_Task inputs_.
◆ ◆ ◆ ◆ ◆ ◆ ◆
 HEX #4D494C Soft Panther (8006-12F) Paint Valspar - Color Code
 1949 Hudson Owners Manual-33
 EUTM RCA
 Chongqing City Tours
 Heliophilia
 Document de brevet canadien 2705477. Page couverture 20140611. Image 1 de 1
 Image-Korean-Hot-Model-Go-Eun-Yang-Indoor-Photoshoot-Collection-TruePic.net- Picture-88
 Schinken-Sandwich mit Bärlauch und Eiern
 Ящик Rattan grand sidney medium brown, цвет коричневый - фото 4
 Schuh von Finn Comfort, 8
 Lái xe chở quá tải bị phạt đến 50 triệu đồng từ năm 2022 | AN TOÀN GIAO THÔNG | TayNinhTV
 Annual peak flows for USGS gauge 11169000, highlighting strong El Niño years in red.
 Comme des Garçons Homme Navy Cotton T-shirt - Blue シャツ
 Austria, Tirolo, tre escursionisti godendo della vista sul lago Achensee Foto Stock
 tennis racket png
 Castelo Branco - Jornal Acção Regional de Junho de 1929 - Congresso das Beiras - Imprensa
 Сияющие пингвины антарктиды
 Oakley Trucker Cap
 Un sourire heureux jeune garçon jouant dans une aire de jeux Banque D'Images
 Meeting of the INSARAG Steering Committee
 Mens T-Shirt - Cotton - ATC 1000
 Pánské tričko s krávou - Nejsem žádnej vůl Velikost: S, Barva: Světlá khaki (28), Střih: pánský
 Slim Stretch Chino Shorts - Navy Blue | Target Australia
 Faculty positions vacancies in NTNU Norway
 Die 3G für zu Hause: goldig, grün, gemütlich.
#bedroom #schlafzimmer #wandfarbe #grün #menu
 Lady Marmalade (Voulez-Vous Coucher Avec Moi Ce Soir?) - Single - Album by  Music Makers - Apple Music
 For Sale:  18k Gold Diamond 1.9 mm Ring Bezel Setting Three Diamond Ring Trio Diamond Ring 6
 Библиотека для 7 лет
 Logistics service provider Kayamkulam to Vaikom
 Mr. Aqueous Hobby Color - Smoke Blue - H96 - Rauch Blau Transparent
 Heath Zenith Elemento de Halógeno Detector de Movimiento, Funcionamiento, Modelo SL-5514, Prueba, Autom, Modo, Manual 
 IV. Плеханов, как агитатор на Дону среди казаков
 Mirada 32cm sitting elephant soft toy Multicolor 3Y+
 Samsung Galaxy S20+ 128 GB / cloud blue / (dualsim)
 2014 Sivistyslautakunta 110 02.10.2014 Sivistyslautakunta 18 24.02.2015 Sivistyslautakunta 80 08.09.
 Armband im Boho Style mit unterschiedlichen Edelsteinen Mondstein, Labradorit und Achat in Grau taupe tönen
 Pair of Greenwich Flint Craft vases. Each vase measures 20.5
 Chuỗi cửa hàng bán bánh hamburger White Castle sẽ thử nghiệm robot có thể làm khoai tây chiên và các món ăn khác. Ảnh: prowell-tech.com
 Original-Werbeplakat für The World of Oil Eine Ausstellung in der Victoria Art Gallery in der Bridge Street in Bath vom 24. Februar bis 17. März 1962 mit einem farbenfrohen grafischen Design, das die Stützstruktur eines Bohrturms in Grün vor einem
◆ ◆ ◆ ◆ ◆ ◆ ◆
_About this exercise_.
Every line above that carries the string "Navy" should be copied.

_Response_.
 Comme des Garçons Homme Navy Cotton T-shirt - Blue シャツ
 Slim Stretch Chino Shorts - Navy Blue | Target Australia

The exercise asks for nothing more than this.